1. ## A subgroup problem.

Show that if H & K are subgroups of abelian group G, then {hk| h is an element of H and k is an element of K} is a subgroup of G.

2. Have you tried checking the group axioms?

Show that if H & K are subgroups of abelian group G, then {hk| h is an element of H and k is an element of K} is a subgroup of G.

As Roninpro said, just check the group axioms. In fact, you just need to check the two conditions for something to be a subgroup, as $HK$ will be a subgroup of $G$.

This is actually a weaker form a quite a nice theorem. If one of H or K is normal then $HK$ is a group. Clearly this holds here are you are in an abelian group so all subgroups are normal.

4. I got what you two were trying to tell me by using the axioms to prove this. This is the proof that I came up.

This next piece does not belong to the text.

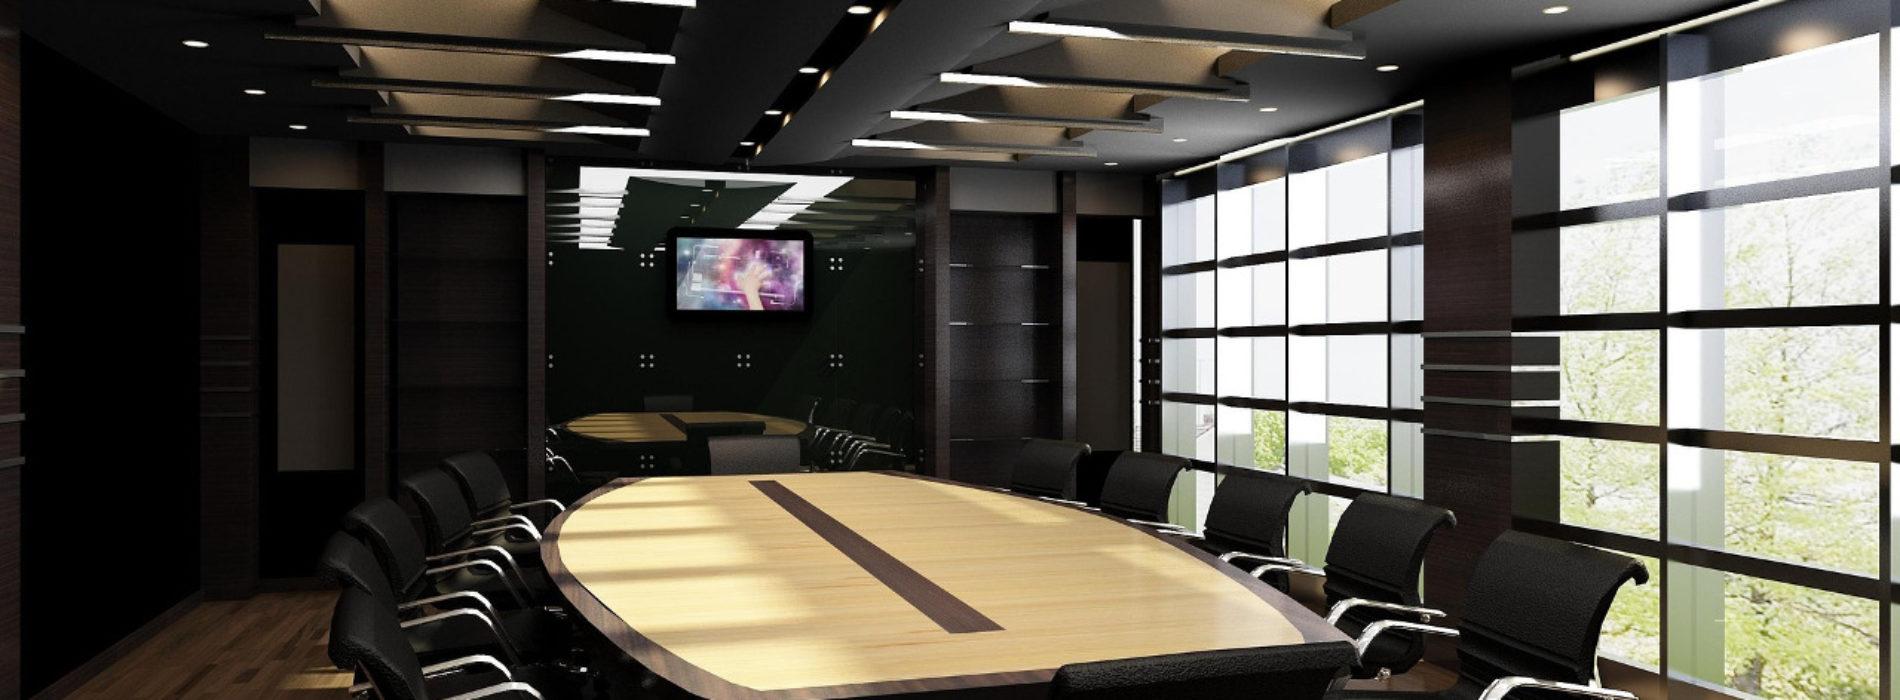 Biuro wirtualne jako sposób na dużą oszczędność finansową w Twojej firmie
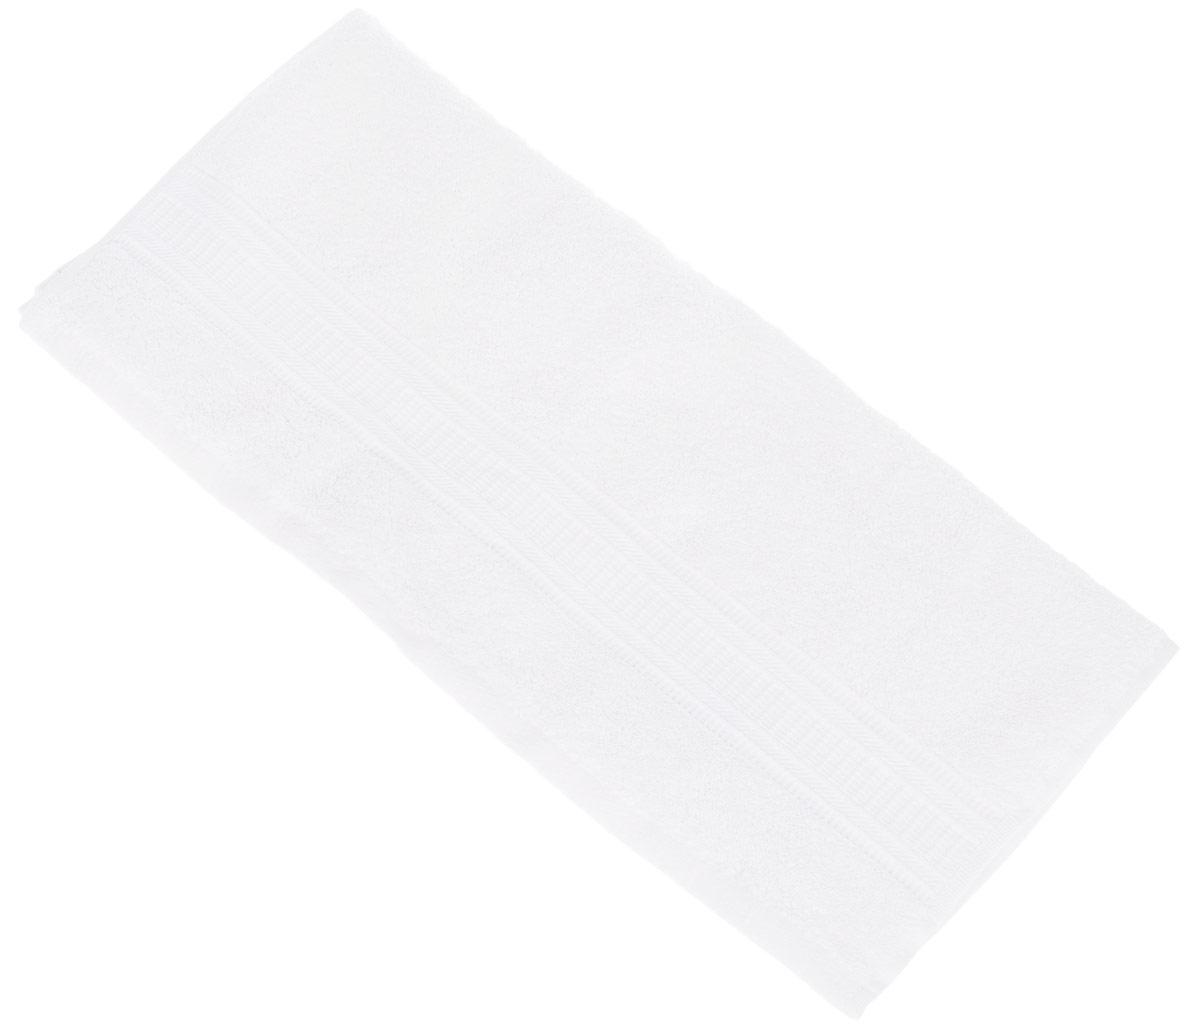 Полотенце TAC Mixandsleep, цвет: белый, 50 см х 90 см1201Махровое полотенце TAC Mixandsleep выполнено из приятного на ощупь натурального хлопка кремового цвета и декорировано изящным орнаментом. Полотенце прекрасно впитывает влагу и легко стирается. Полотенце TAC Mixandsleep создаст атмосферу уюта и комфорта в вашем доме. Хлопок - это волшебный цветок, хранящий в своем сердце тепло и нежность. Человек начал использовать волокна этих растений еще в глубокой древности. Этот натуральный материал обладает такими свойствами как гигроскопичность и гипоаллергенность.

Since H and K are subgroups of G. There exist say h an element of H, such that (h)(h') = e
=> e is an element of H.
=> (e)(h') = h' is an element of H.

Similarly, there exist say k an element of K, such that k(k') = e
=> e is an element of K
=> e(k') = k' is an element of K.

This implies that (hk)(h'k') = e.
=> e is an element of of H and K => e is also an element of G.
=> e(kh)' = (kh)' = (h'k') is an element of G.

Therefore hk is a group.

Thoughts? I think it's not yet the best proof.

...This implies that (hk)(h'k') = e.
Yes, but you need to use the fact that $G$ is abelian!

Right, you have two things to prove. You need to prove that if $hk \in HK$ then there exists an element $h_0k_0$ such that $hkh_0k_0=e$. You are right that this element is $h^{-1}k^{-1}$ but you need to mention WHY this is its inverse.

You also need to prove that if $h_1k_1 \in HK$ and $h_2k_2 \in HK$ then $h_1k_1h_2k_2 \in HK$.